Prof. Jan Hannig receives NSF grant
June 22, 2022
Prof. Jan Hannig received an NSF grant. Read the description of the award below.
Collaborative Research: Emerging Variants of Generalized Fiducial Inference
Fiducial inference is an alternative framework to making statistical inference that opens doors to solve many important and challenging statistical problems that has shown to be useful in many difficult applications in different fields of science and industry. The project aims at exploring the evolution of the fiducial argument as a response to modern data science problems and techniques. Results of this research will expand our understanding of the foundations of statistics and data science. A particular interest will be paid to applications of the proposed ideas in forensic science, genomics, differential privacy, and spatial statistics. Graduate students, including underrepresented minorities will receive training through research involvement in the project.
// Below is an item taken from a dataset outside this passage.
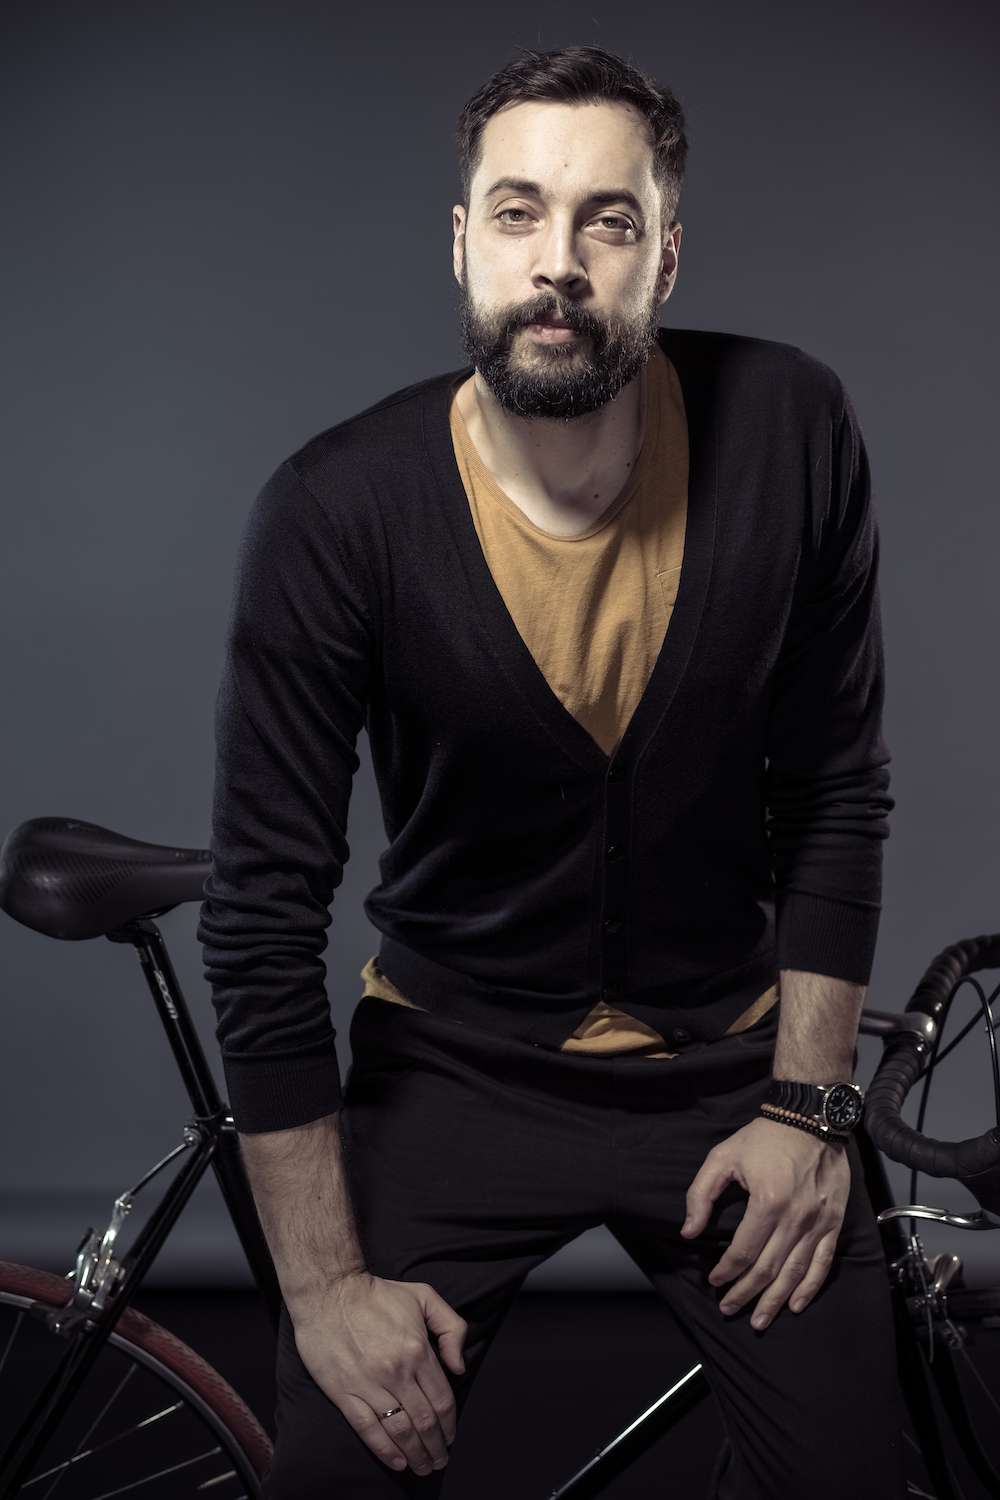 man wearing a black cardigan sitting on a bike

Having given due consideration to areas of statistical inference where the fiducial approach is expected to lead to new and useful results, the project will conduct research in the following directions: (1) Since the analytic calculation of fiducial distributions for many practical problems is not feasible, the project will develop easy-to-implement algorithms to sample from generalized fiducial distributions. These algorithms will significantly improve the practical applicability of generalized fiducial inference (GFI) and serve as a starting point for developing new techniques for the theoretical study of GFI. (2) The project will undertake an in-depth investigation of fundamental issues of GFI so that it can be applied on manifolds. (3) The project will lay the groundwork to make GFI applicable to non-parametric problems. The flexibility of non-parametric models will provide a challenge to GFI that will have to be overcome by introducing additional constraints. (4) As an important application, the project will develop post-hoc calibration of the strength of evidence in forensic science.